Murdock looked at his code book and wrote out this message
"Zebra Two Oscar [Third Platoon's code word for the day] training mission under way. No casualties. On schedule. No air extraction needed. Cancel previous request. End."
"What now?" Murdock asked the new radio man.
"Now I type it on the keypad, check for accuracy, and then set the broadcast band to the SATCOM." Murdock checked the message on the liquid crystal display screen and approved. Holt touched another button, and the message was automatically encoded. He looked at his L-T.
"What would come next if we really wanted to send the message, Holt?"
"I'd push the send button and it would jolt out of here in a compressed burst of less than a millisecond of time."

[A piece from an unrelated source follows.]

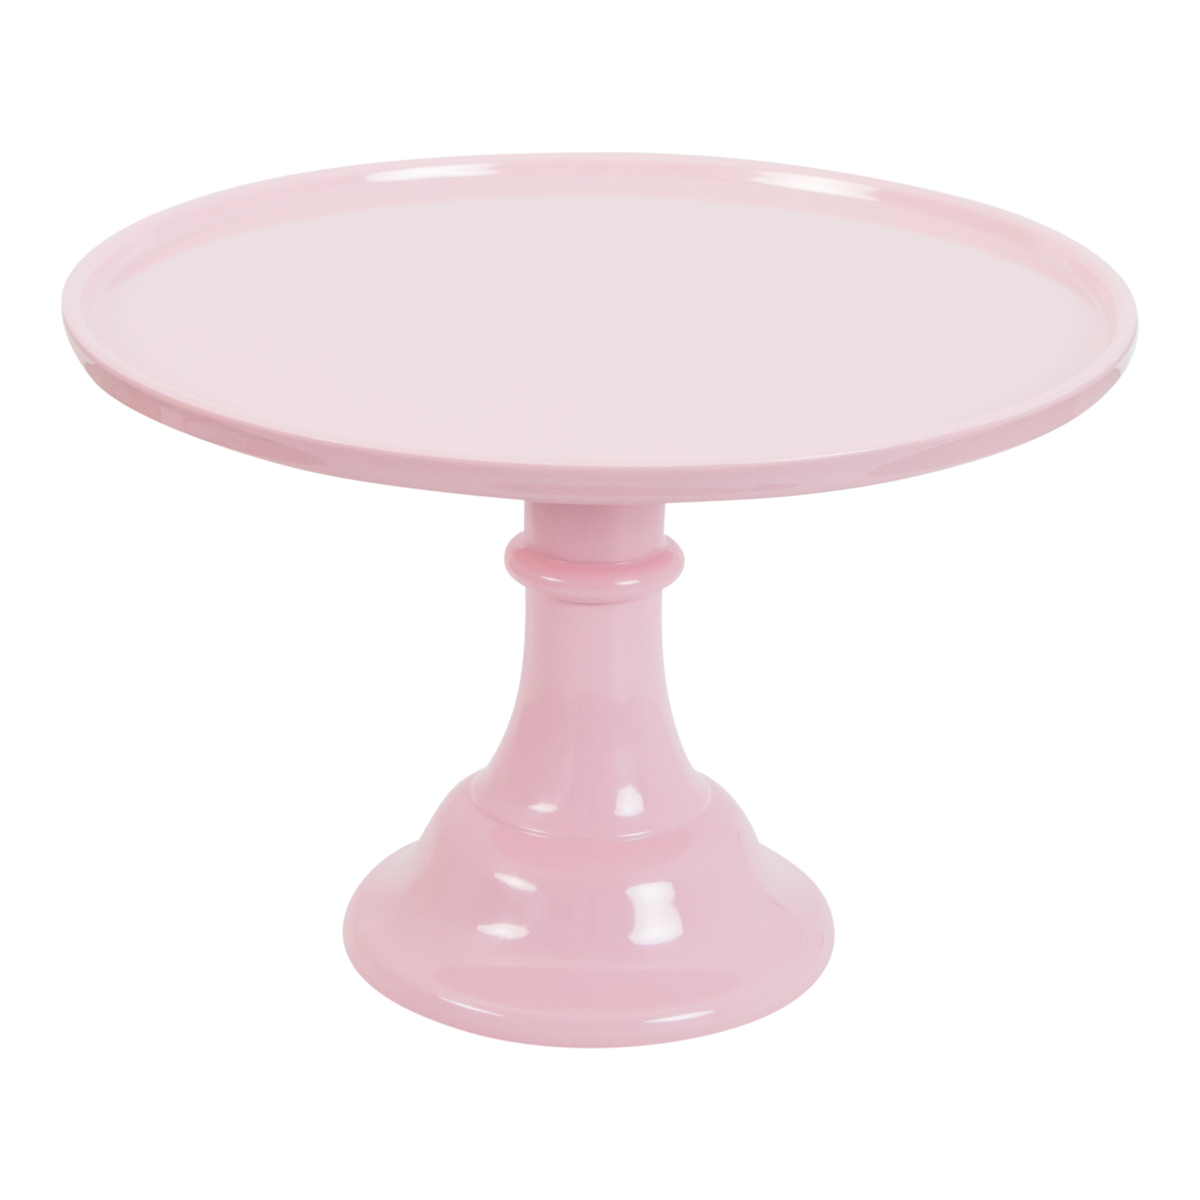 Imagen de producto: Stand rosa de melamina 30 cm
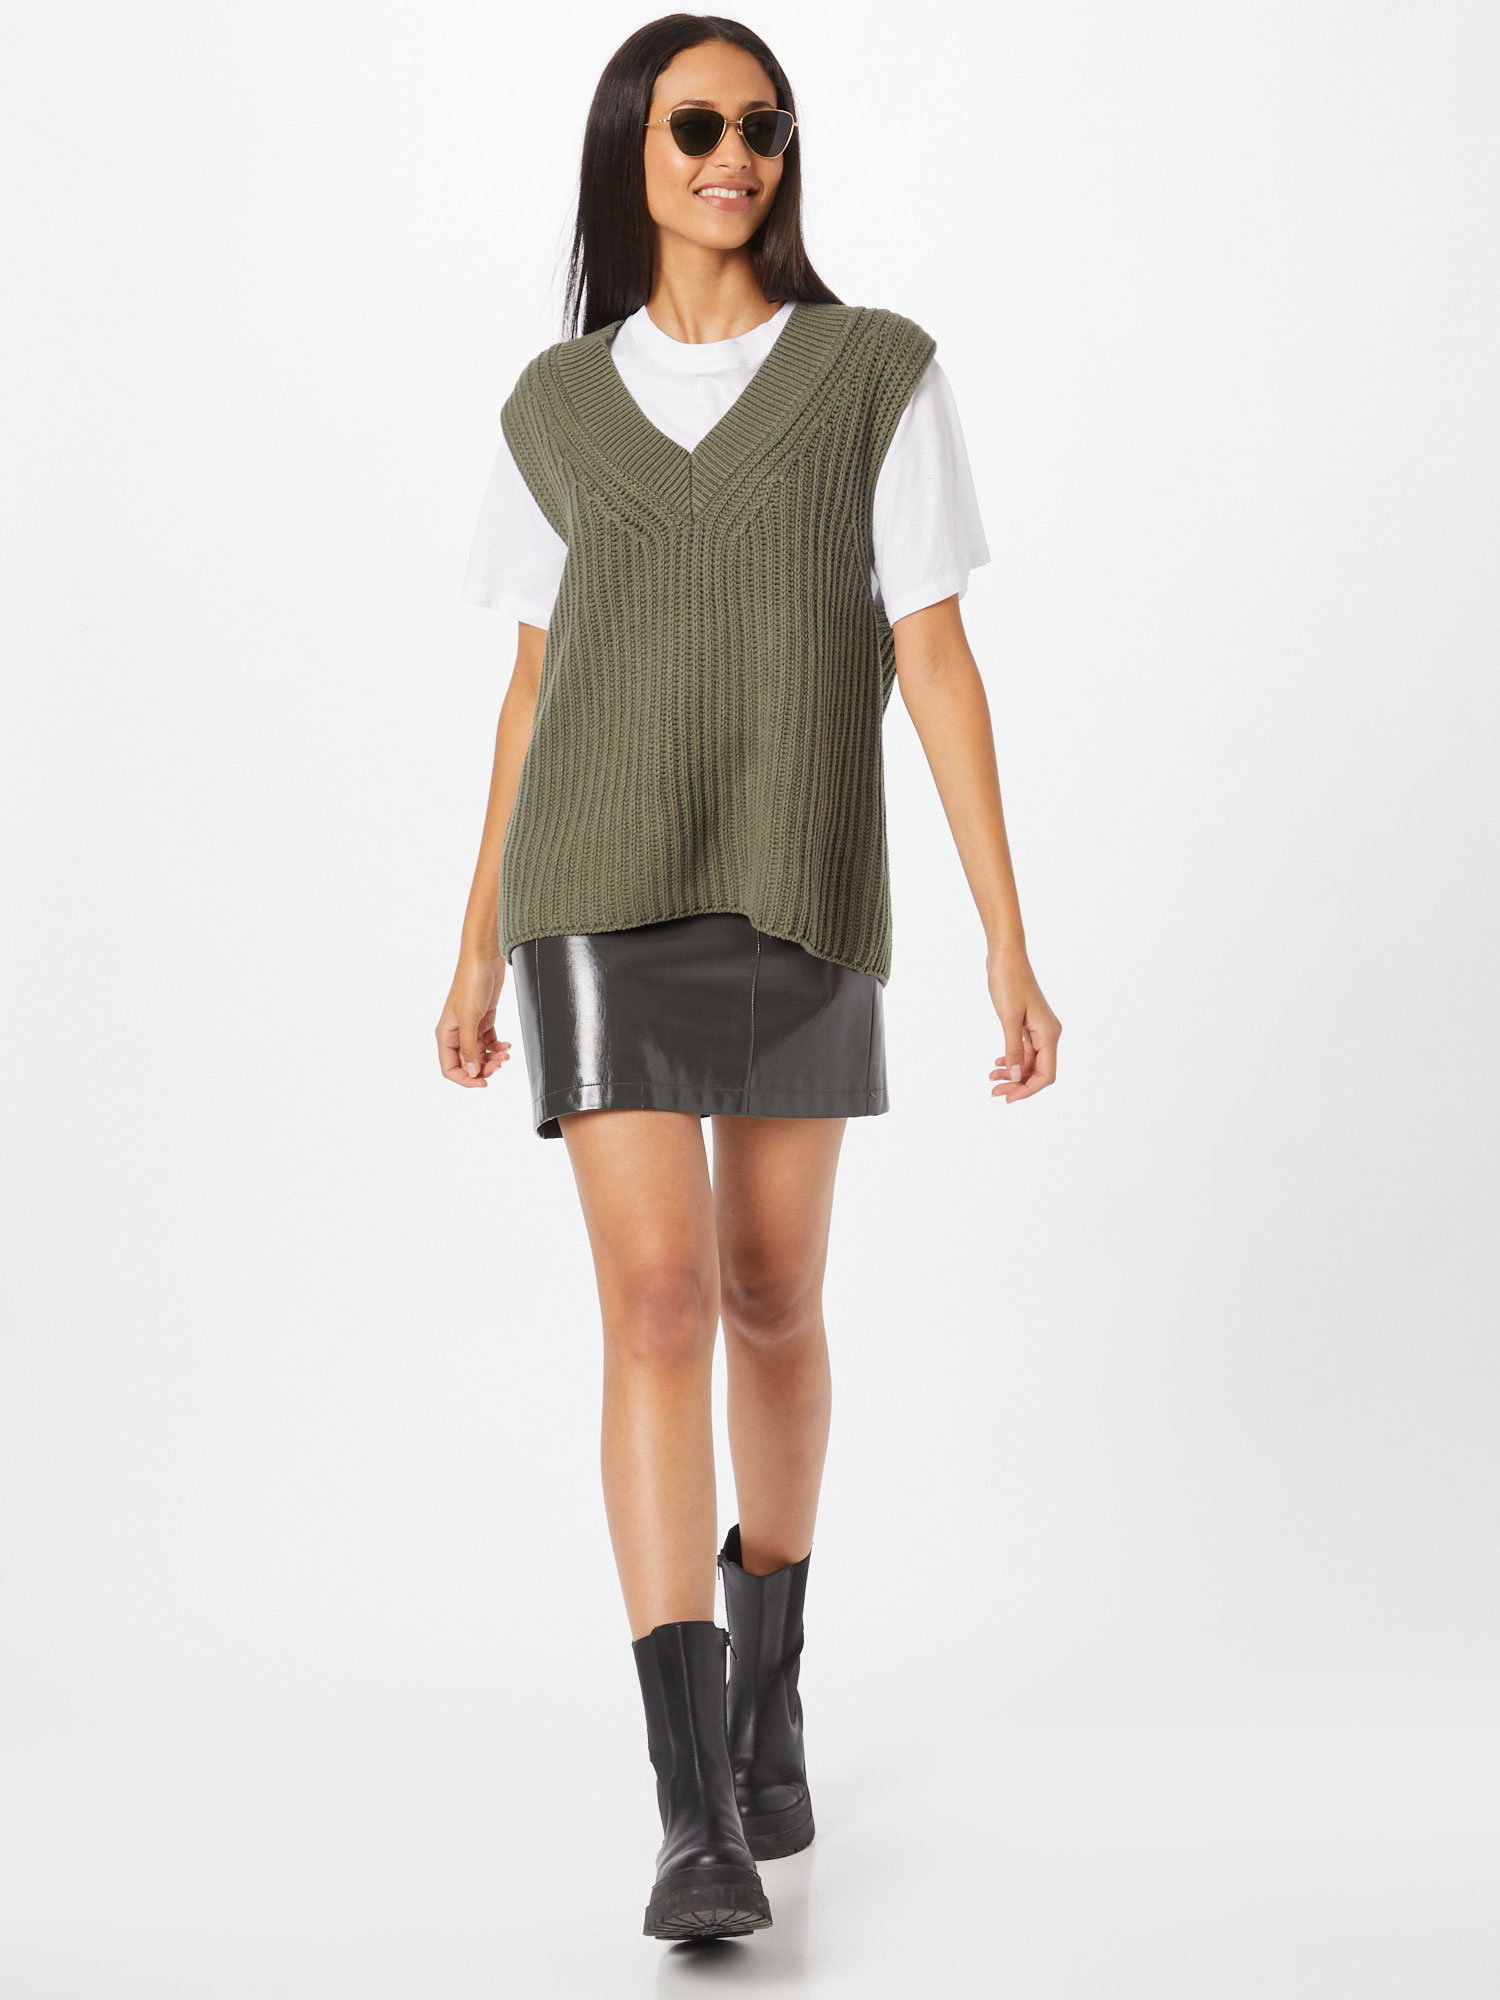 Odzież Kobiety Gina Tricot Sweter Harper w kolorze Zielonym

"Right, good. Now shut it down. No transmission. That exercise is through. I want you to have this procedure down so you can do it in the dark, in your sleep with both hands tied behind your back and while having great sex with a blonde. Understand?"
"That's a Roger, sir."
"And stop calling me sir."
"Fine with me. I mean, sure. That's cool, sir."
Murdock shook his head and went to talk to Jaybird. He told him what he wanted and went back to the bus. He found the box of fraggers and half-a-dozen WP grenades.
By the time he got outside the bus, the men had finished the MRES and were sprawled in the shade of the big rig. Jaybird walked back to the bus after having set up the.50-caliber ammo boxes out from the bus at twenty yards, thirty yards, and forty yards.
Jaybird stopped a dozen feet from Murdock. The L-T took out one of the smooth and round M-67 hand grenades with the spoon handle and held it up. "You men know what these little sweethearts are. Sometimes they can save your ass. If you know how to use them right. Harmless as a newborn babe until the damn spoon is popped."
Murdock pulled the ring and jerked the safety pin out of the grenade. He held it a moment, then let the arming spoon pop off the grenade and tossed it underhand toward Jaybird.